For the Federalists, quarantine measures fortuitously benefited both their domestic and foreign policy agendas. By limiting foreign trade, quarantine would protect the domestic manufacturing industry from foreign competition. Blaming foreign sources of contagion also happily exonerated cities from charges of unhealthfulness; this was important because manufacturing happens in cities. It also proved a convenient excuse for barring entry of the “radical” French and Haitian refugees, who were fleeing from the horrors of the French and Haitian revolutions. This same fear of outside French influence led the Federalists to pass the infamous Alien and Sedition Acts in 1798!
Republicans drew as much self-interest from the localist doctrine. For one, localism confirmed Republican suspicions that cities were indeed unhealthy places. Far better to farm in the salubrious air of the countryside. As Jefferson bluntly put it in a letter to Rush, “Yellow fever will discourage the growth of great cities in our nation, & I view great cities as pestilential to the morals, the health and the liberties of man.”

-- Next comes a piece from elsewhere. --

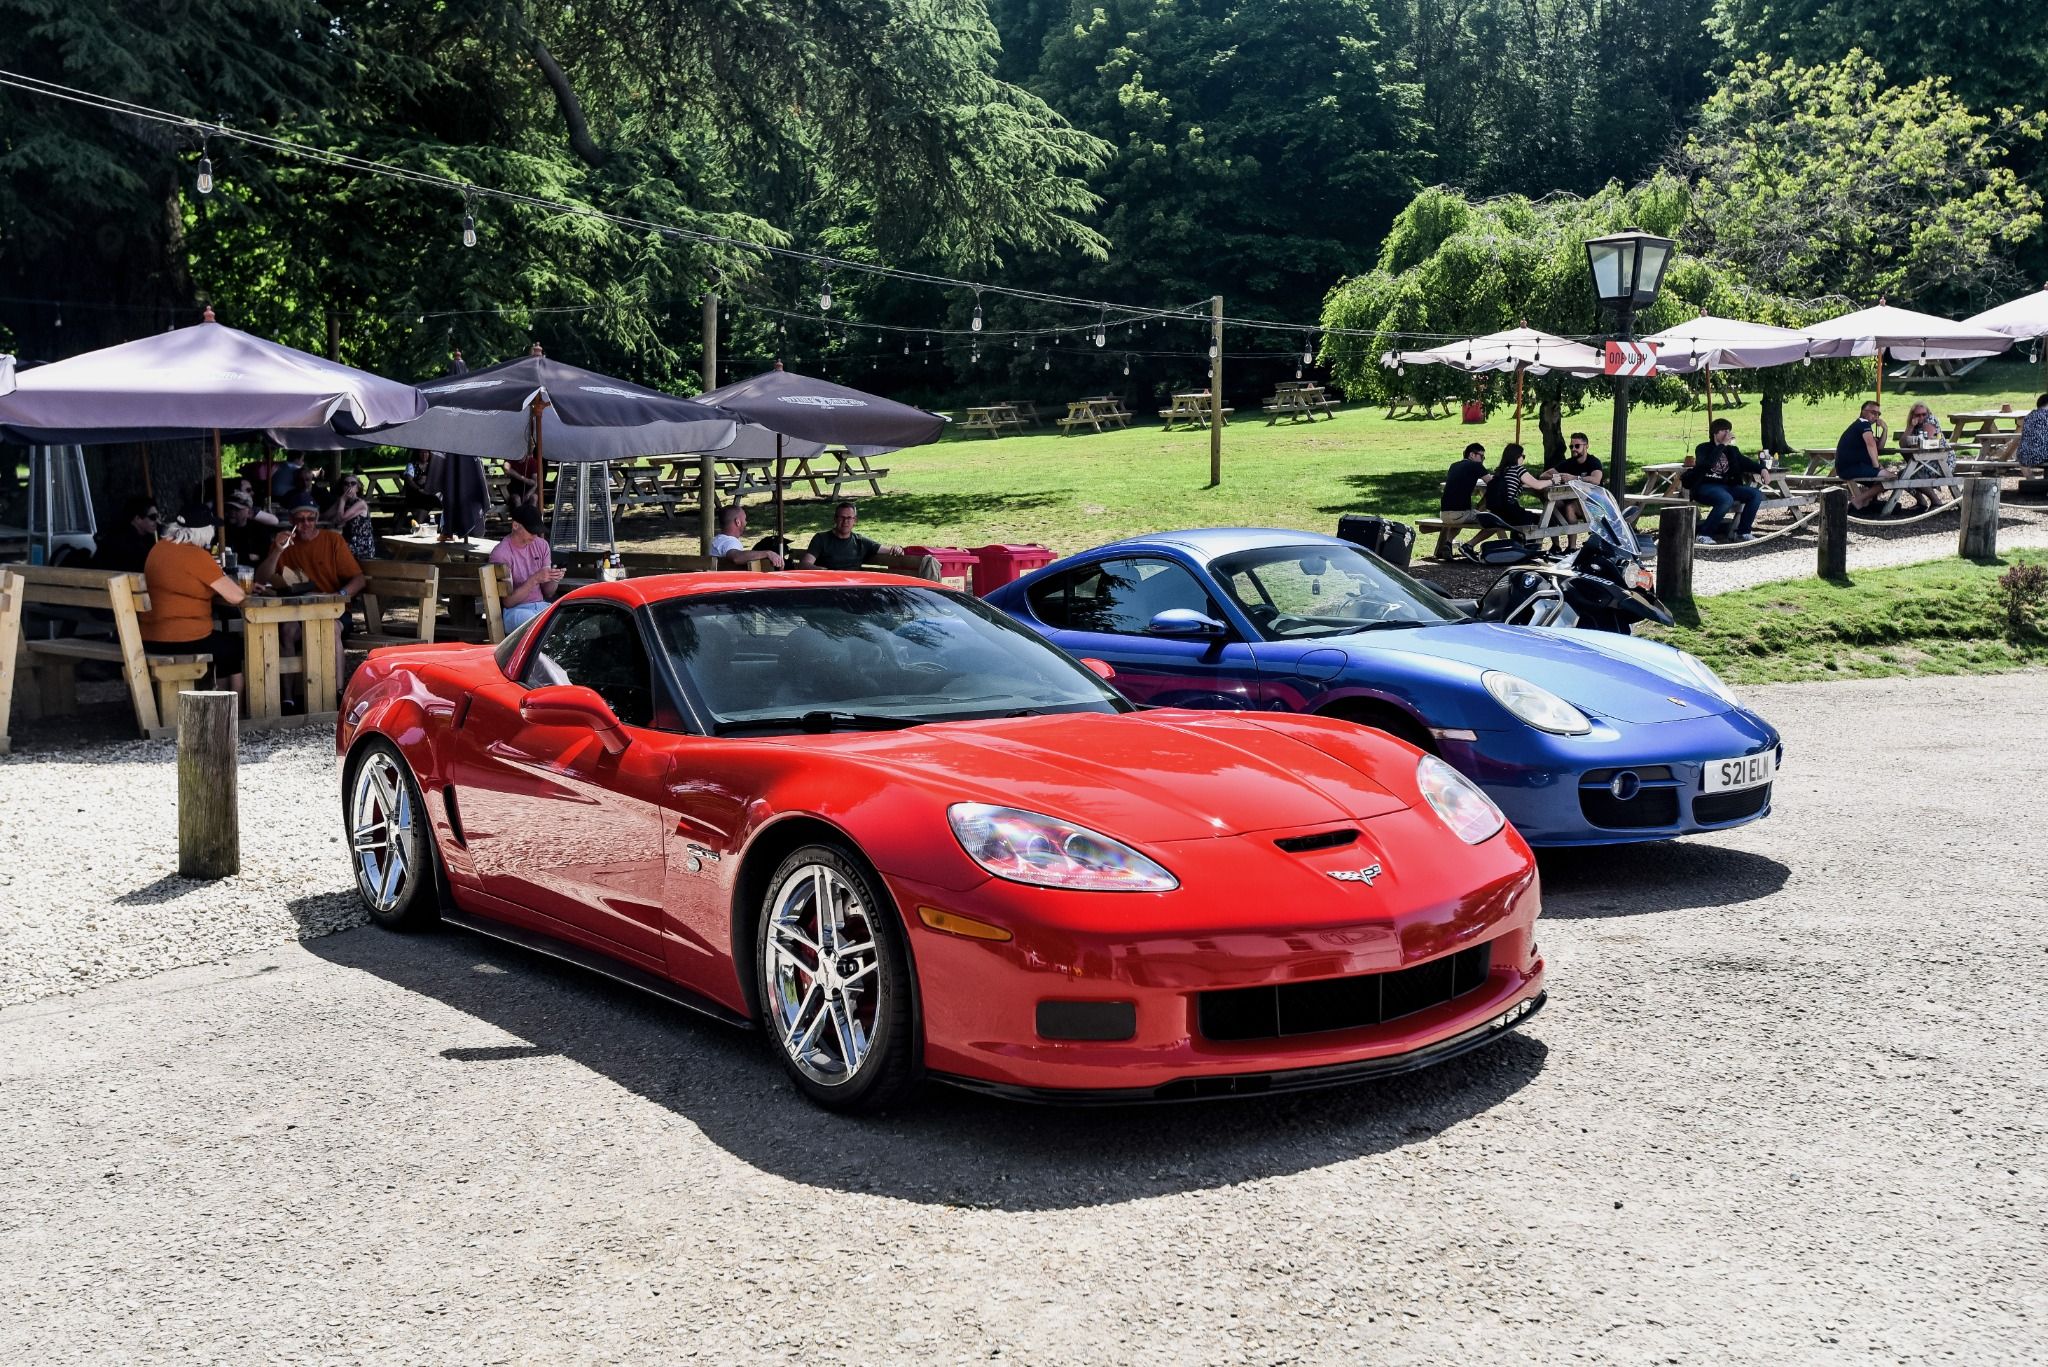 Red and Blue sports cars next to each other in front of park benches and grass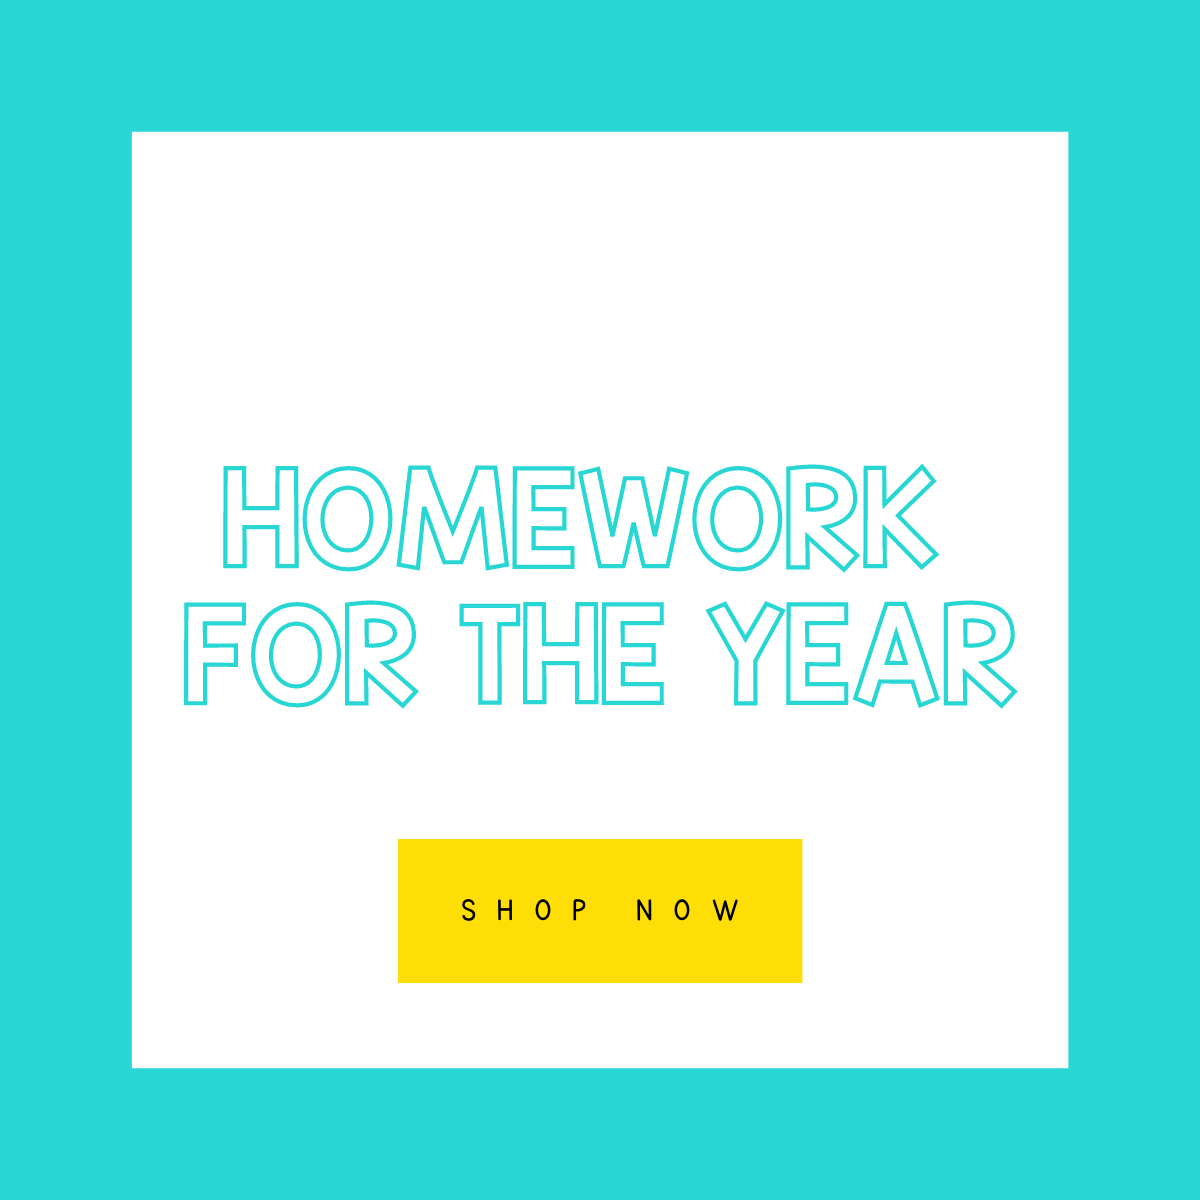 HOMEWORK FOR THE YEAR

Localist sanitary reform would also leave foreign trade intact; thus, cheaply produced manufactured goods from abroad would continue to discourage domestic manufacturers. As for the refugees, Republicans were split. While many welcomed French and Haitian revolutionaries, slaveholders such as Jefferson didn’t want anyone talking too loudly of liberty.
The utilitarian philosopher John Stuart Mill once wrote, “Men who have been much taught . . . do not see, in the facts they are called upon to deal with, what is really there, but what they have been taught to expect.” Federalists and Republicans saw in yellow fever exactly what they wanted to see. And it is certainly true in our time that many have embraced beliefs about COVID-19 that suited their own economic and political ends.
The obliviousness to the real threat of disease, the disproportionate impact it had on the poor, and the way politics influenced the public’s understanding of disease—all are key features of the COVID-19 pandemic that were anticipated by yellow fever more than 200 years before.
Of course, those looking for differences will find them too. We are fortunate to have a medical and scientific community that agrees on the principles of disease cause and transmission, and we are fortunate to have moved on from therapeutic systems that involve draining blood.
But another difference should give us pause. While self-interested rationalization may have steered Federalists and Republicans to contagionism and localism respectively, at least they subscribed to sound theories that were supported by medical and scientific knowledge. For all our medical advantages, in our own time one partisan group has openly denied scientific knowledge and vilified its creators. That’s a precedent we all might come to lament.